The triangular surface parts 36 and 37 on each tooth 32 are parallel and have the same size and shape, and any planar section through a tooth 32 and parallel to the surface parts 36 and 37 also has the same size and shape as the surface parts 36 and 37. That shape includes two equal length sides (i.e., an isosceles triangle) terminating in a slightly rounded leading tip and forming a slightly rounded juncture with adjacent teeth 32.
While a cut off blade having a cutting edge portion with the shape described above could be made by grinding or by conventional or electrical discharge machining, a particularly economical method of manufacture using a punch and die assembly 53 illustrated in FIG. 7 which can produce the cutting edge portion 34 includes (1) providing a die 54 having intersecting support and side surfaces 55 and 56, a plurality of adjacent, parallel, generally V shaped grooves 57 (see FIG. 8) along the side surface 56 which grooves 57 are disposed normal to the intersection between the support and side surfaces 55 and 56, have ends opening through the support surface 55, and define adjacent, parallel, forming ridges 60 along the side surface 56 and having ends along the support surface 55, the support surface 55 adjacent the ends of the ridges 60 being disposed at an obtuse included angle in the range of about 135 to 165 degrees with respect to the side surface 56; (2) providing a punch 62 having intersecting leading and working surfaces 63 and 64, a plurality of adjacent, parallel, generally V shaped grooves 65 (see FIG. 9) along the working surface 64, disposed normal to the intersection between the leading and working surfaces 63 and 64, having ends opening through the leading surface 63, and defining adjacent, parallel, forming ridges 67 along the working surface 64 which are complementary to the forming ridges 60 of the die 54 and have ends along the leading surface 63; (3) positioning a portion of a blank 70 on which the cutting edge portion 34 is to be formed along the support surface 55 of the die 54 with a part of the blank 70 projecting over the ends of the grooves and ridges 57 and 60 along the support surface 55; and (4) cutting away the part of the blank 70 projecting over the ends of the ridges 60 grooves and along the support surface 55 by causing relative movement between the die 54 and the punch 62 longitudinally of the forming ridges 60 and 67 to move the ends of the forming ridges 67 on the leading surface 63 of the punch 62 into the ends of the grooves 57 along the support surface 55 of the die 54.
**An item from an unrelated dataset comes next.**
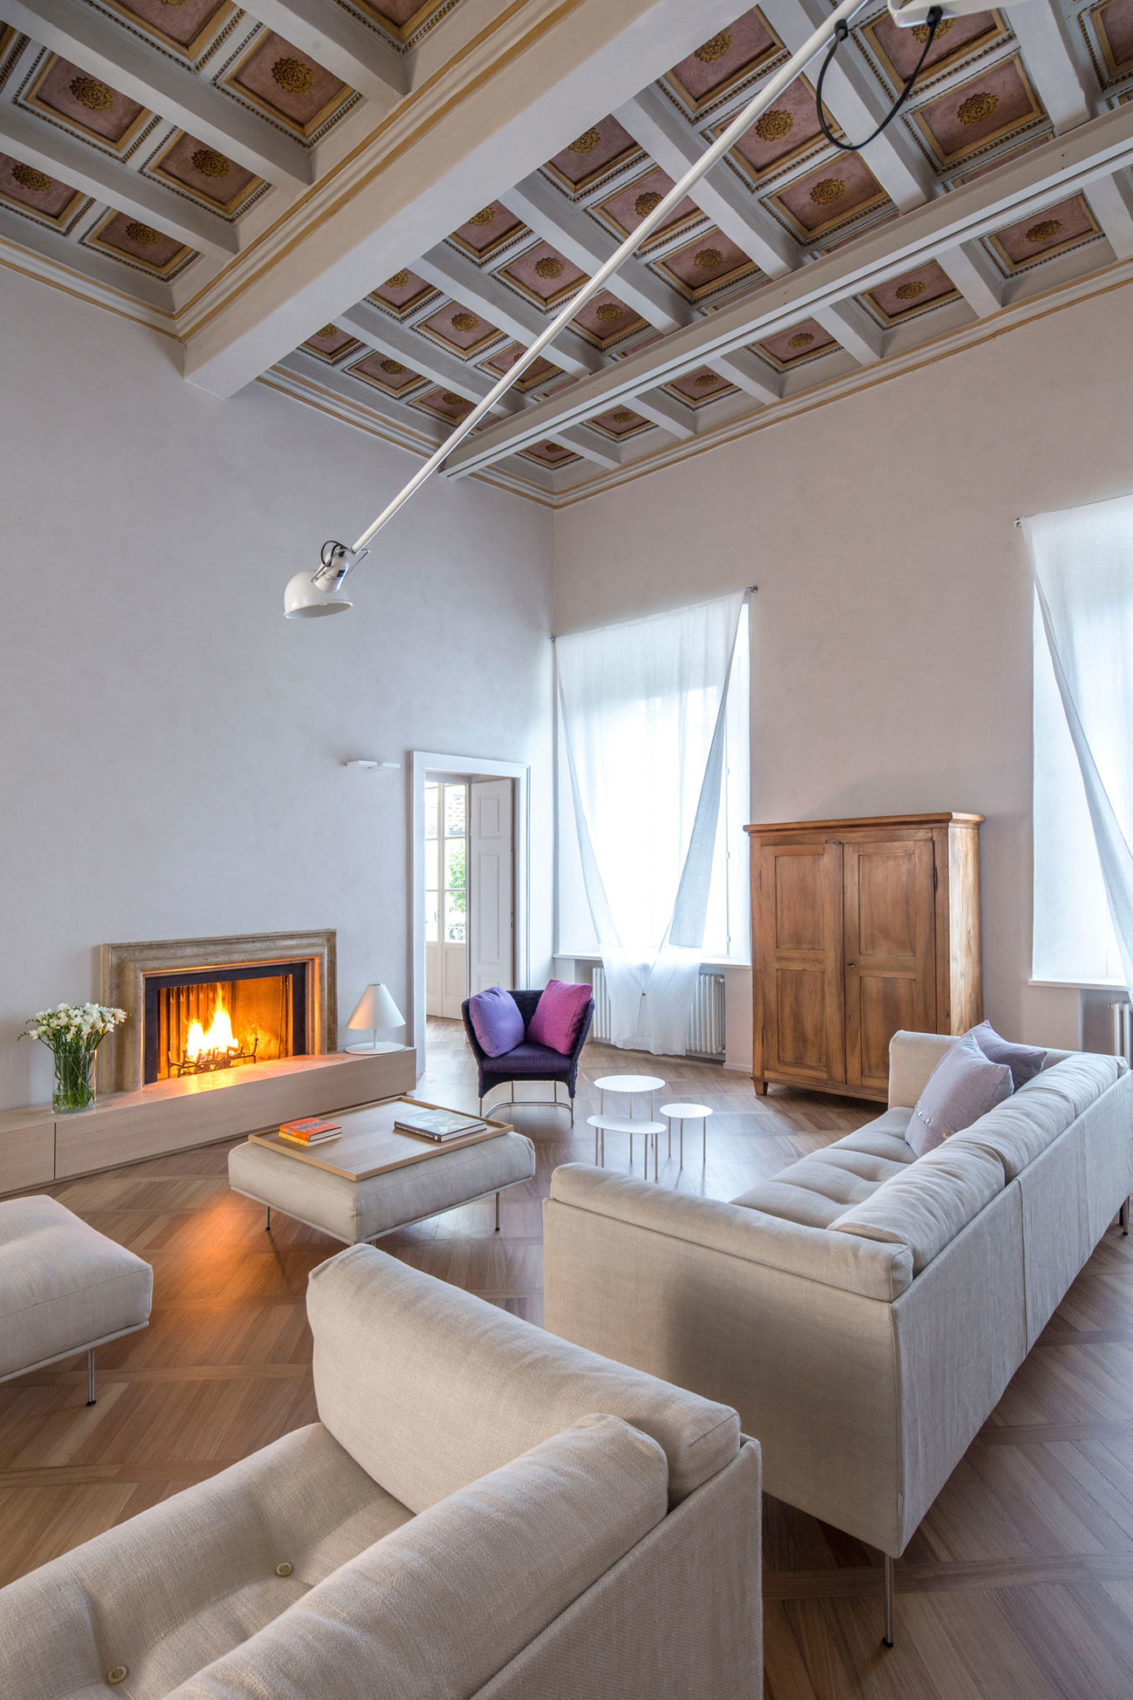 Apartment in Piacenza by Studio Blesi Subitoni (3)
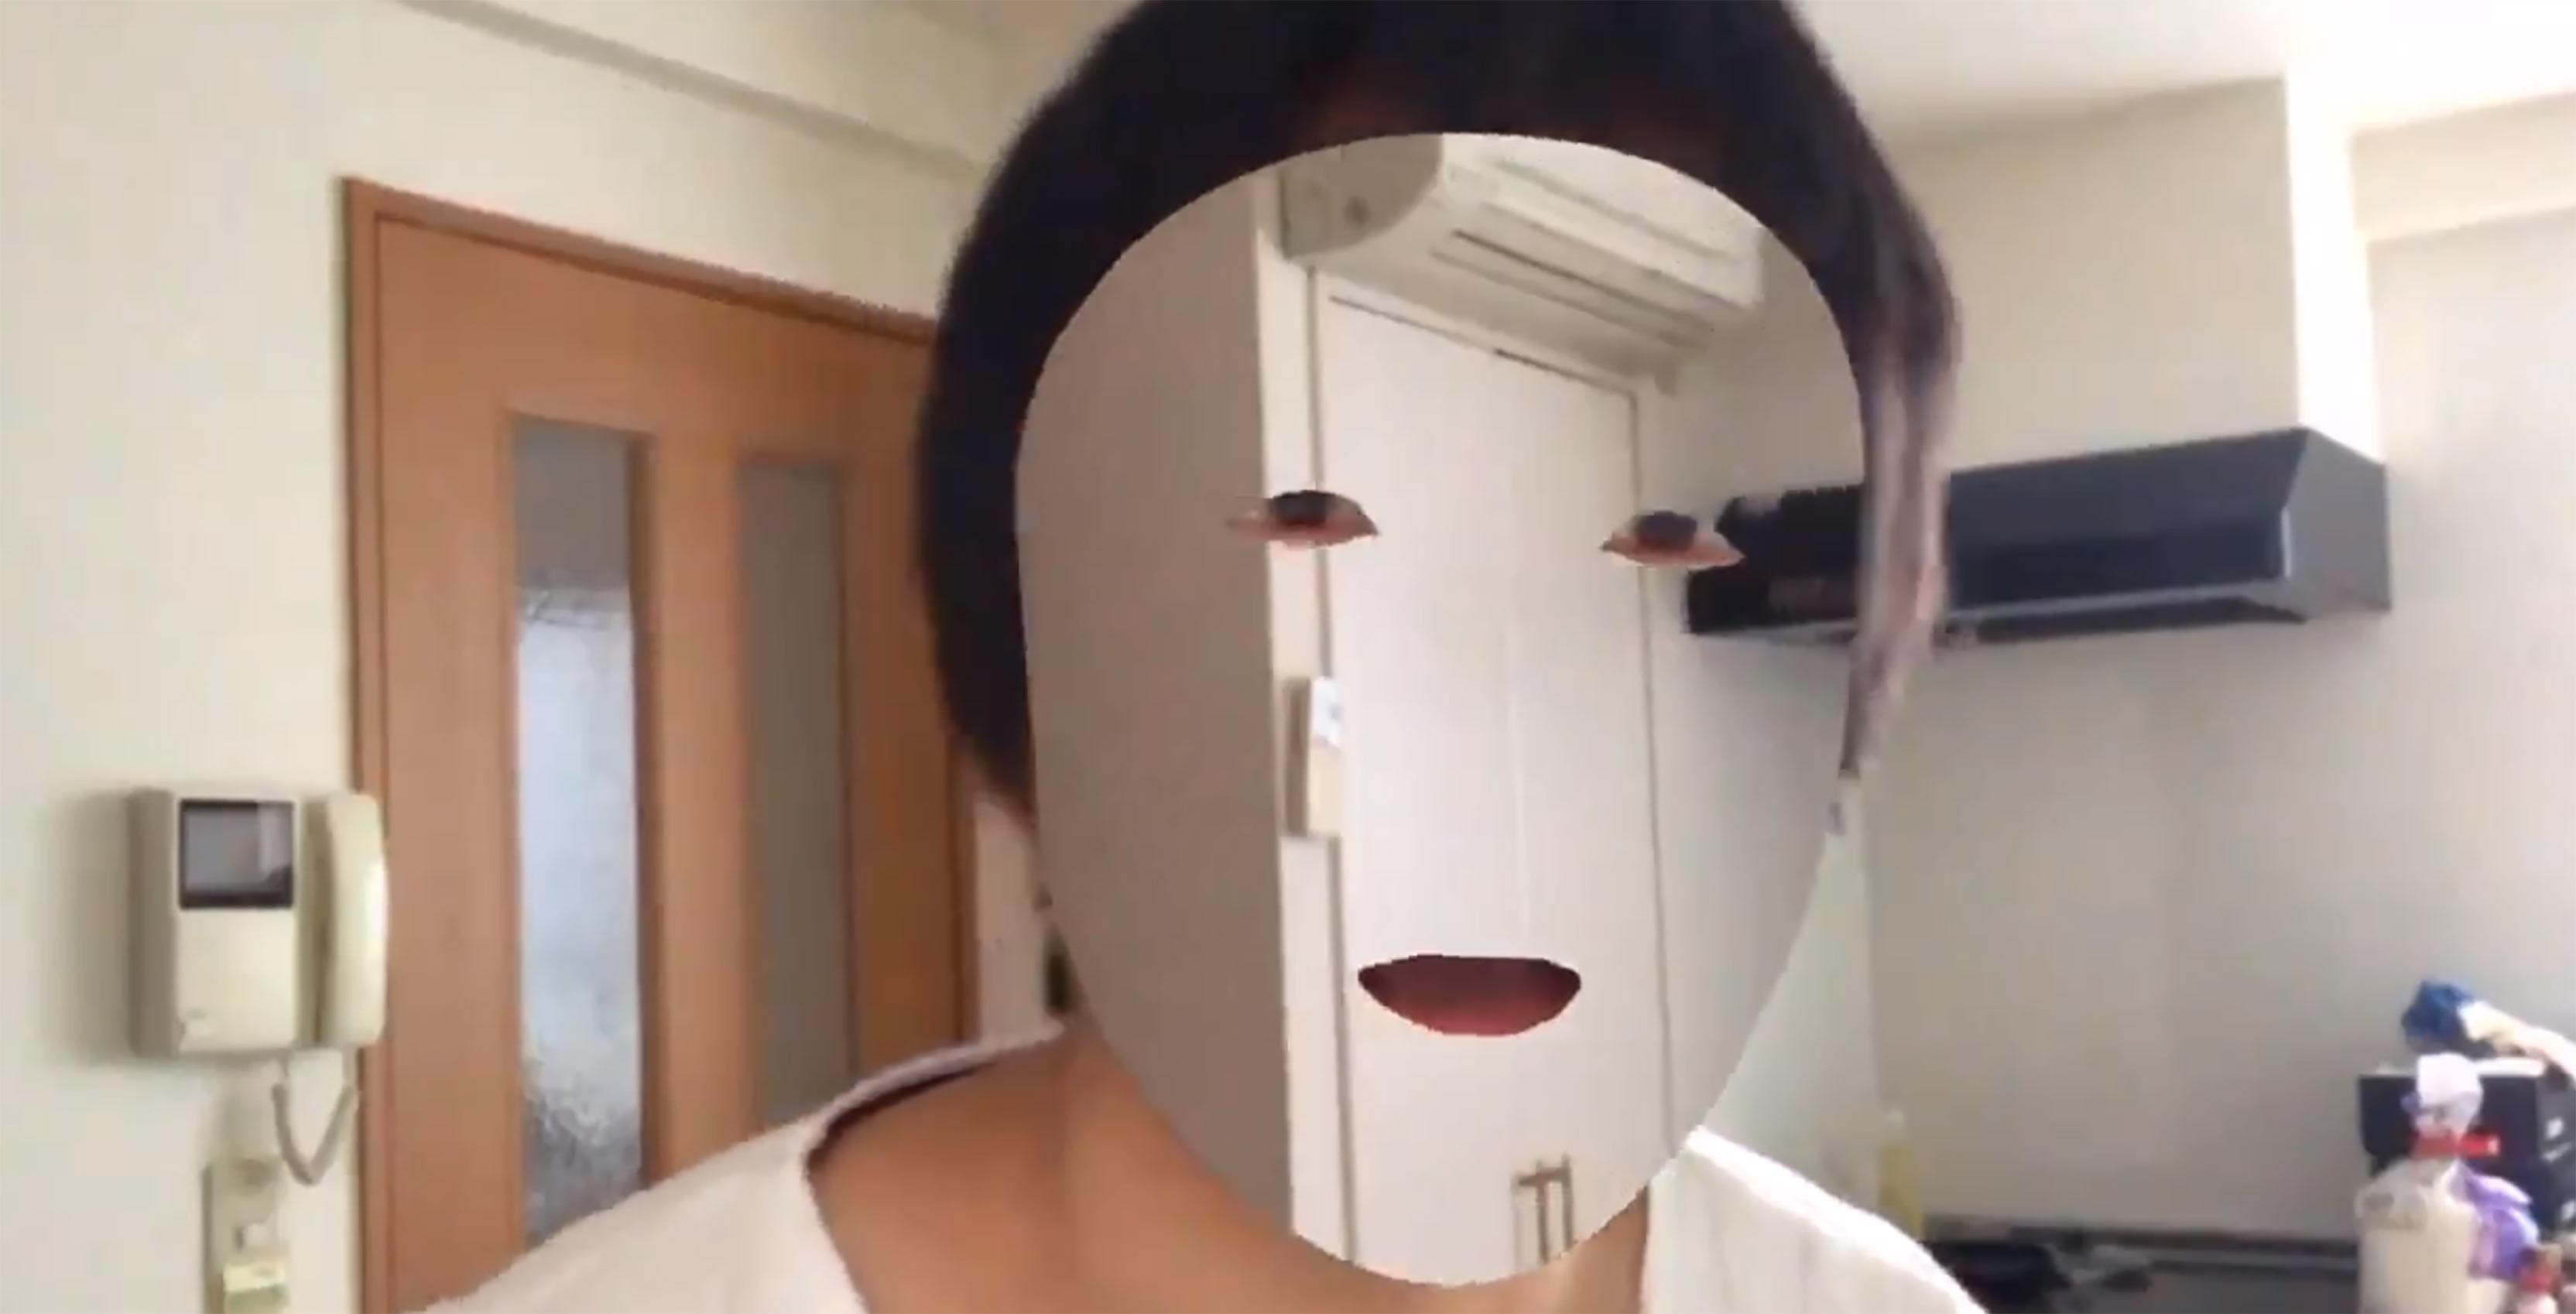 App that hides faces developed by Kazuya Noshiro

As illustrated in FIG. 7, the portion of the blank 70 on which the cutting edge portion 34 is to be formed to be formed in the manner described above is preferably positioned along the support surface 55 of the die 54 by first positioning the attachment portion 30 of blank 70 (which has already been formed in an arc) on a support portion 72 of the assembly 53 to which the blank 70 may be clamped by a clamp 71. The support portion 72 is mounted on springs 73 for movement relative to the die 54 from an upper position (illustrated in FIG. 7) at which it supports the blank 70 above the support surface 55, toward lower positions to which it is moved by the leading surface 63 of the punch 62 acting through the blank 70 which sequentially causes the portion of the blank 70 on which the cutting edge portion 34 is to be formed to contact the support surface 55, to then be cut, and the completed blade 17 to then move below the support surface 55 with the leading surface 63 of the punch 62. Upon withdrawal of the punch 62 from engagement with the die 54, the springs 73 will then return the support portion 72 carrying the completed blade 17 to its upper position affording removal of the blade 17 and positioning of a new blank 70 in the punch and die assembly 53.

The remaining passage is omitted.